Оторвав большой, неуклюжий кусок обоев, висевший у двери, я бросил его в угол, и мы вернулись в прихожую и через большие бревенчатые сени вышли на морозный воздух. Там я сел на ступени крыльца, закуривая папиросу, а жена, хрустя валенками по снегу, сбежала на сугробы и подняла лицо к бледному месяцу, уже низко стоявшему над черной длинной избой, в которой спали сторож усадьбы и наш ямщик со станции.
— Месяц, месяц, тебе золотые рога, а мне золотая казна! — заговорила она, кружась, как девочка, по широкому белому двору.
Голос ее звонко раздался в воздухе и был так странен в тишине этой мертвой усадьбы. Кружась, она прошла до ямщицкой кибитки, черневшей в тени перед избой, и было слышно, как она бормотала на ходу:
Татьяна на широкий двор
В открытом платьице выходит,
На месяц зеркало наводит,
Но в темном зеркале одна
Дрожит печальная луна…
— Никогда я уж не буду гадать о суженом! — сказала она, возвращаясь к крыльцу, запыхавшись и весело дыша морозной свежестью, и села на ступени возле меня. — Ты не уснул, Костя? Можно с тобой сесть рядом, миленький, золотой мой?

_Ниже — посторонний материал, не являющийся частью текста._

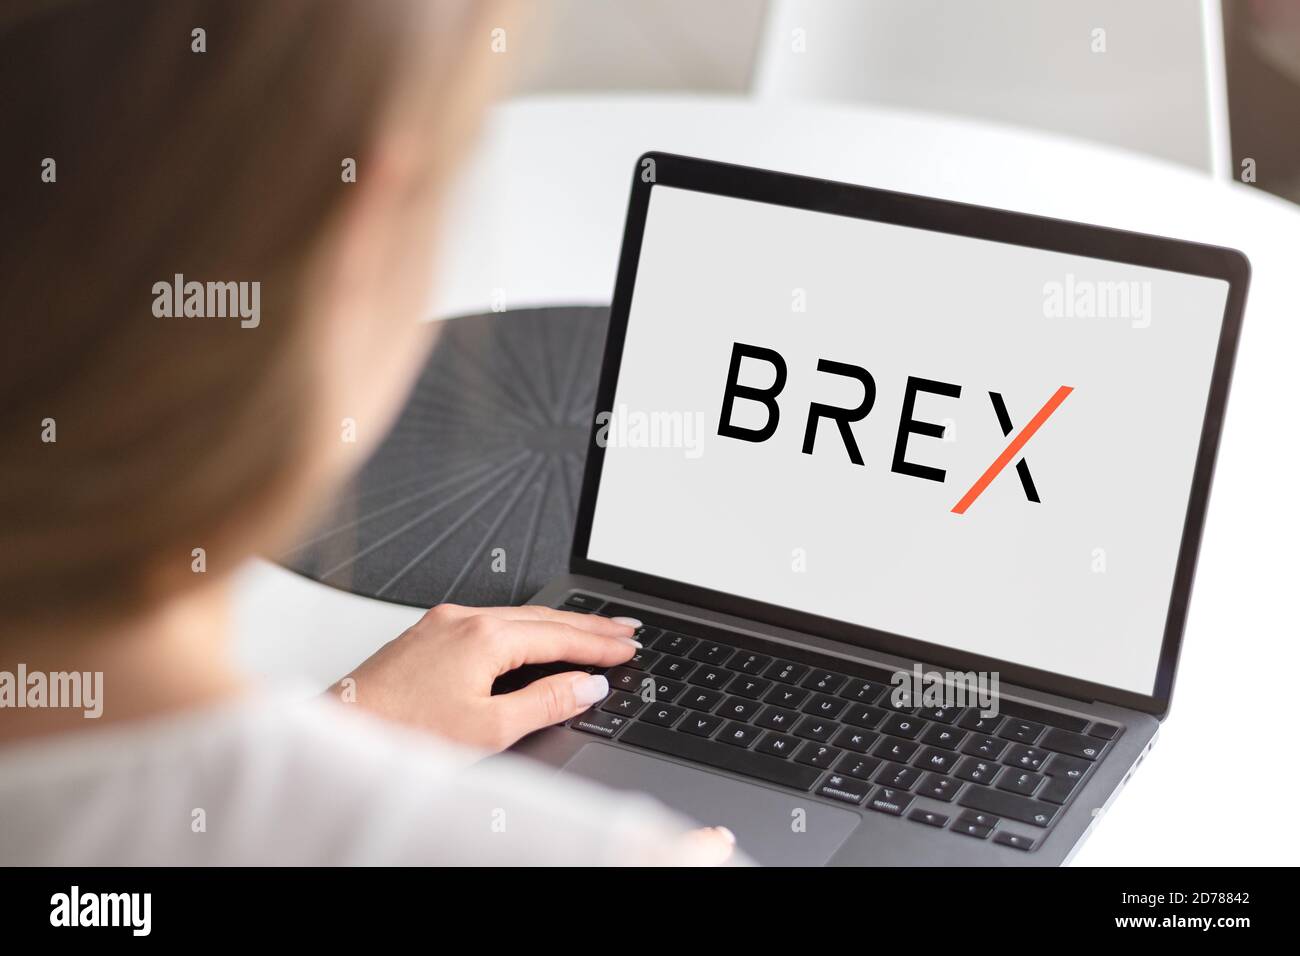 Guilherand-Granges, France - October 21, 2020. Notebook with Brex logo. American corporate designing credit cards for tech, e-commerce and life scienc Stock Photo

Большая рыжая собака медленно подошла к нам из-за крыльца, с ласковой снисходительностью виляя пушистым хвостом, и она обняла ее за широкую шею в густом меху, а собака глядела через ее голову умными вопросительными глазами и все так же равнодушно-ласково, вероятно, сама того не замечая, махала хвостом. Я тоже гладил этот густой, холодный и глянцевитый мех, глядел на бледное человеческое лицо месяца, на длинную черную избу, на сияющий снегом двор, и думал, подбадривая себя:
«В самом деле, неужели уже все потеряно? Кто знает, что принесет мне этот Новый год? »
— А что теперь в Петербурге? — сказала жена, поднимая голову и слегка отпихивая собаку. — О чем ты думаешь, Костя? — спросила она, приближая ко мне помолодевшее на морозе лицо. — Я думаю о том, что вот мужики никогда не встречают Нового года, и во всей России теперь все давным-давно спят…
Но говорить не хотелось. Было уже холодно, в одежду пробирался мороз. Вправо от нас видно было в ворота блестящее, как золотая слюда, поле, и голая лозинка с тонкими обледеневшими ветвями, стоявшая далеко в поле, казалась сказочным стеклянным деревом. Днем я видел там остов дохлой коровы, и теперь собака вдруг насторожилась и остро приподняла уши: далеко по блестящей слюде побежало от лозинки что-то маленькое и темное, — может быть, лисица, — и в чуткой тишине долго замирало чуть уловимое, таинственное потрескивание наста.
Прислушиваясь, жена спросила:
— А если бы мы остались здесь?
Я подумал и ответил:
— А ты бы не соскучилась?
И как только я сказал, мы оба почувствовали, что не могли бы выжить здесь и года. Уйти от людей, никогда не видать ничего, кроме этого снежного поля! Положим, можно заняться хозяйством… Но какое хозяйство можно завести в этих жалких остатках усадьбы, на сотне десятин земли? И теперь всюду, такие усадьбы, — на сто верст в окружности нет ни одного дома, где бы чувствовалось что-нибудь живое! А в деревнях — голод…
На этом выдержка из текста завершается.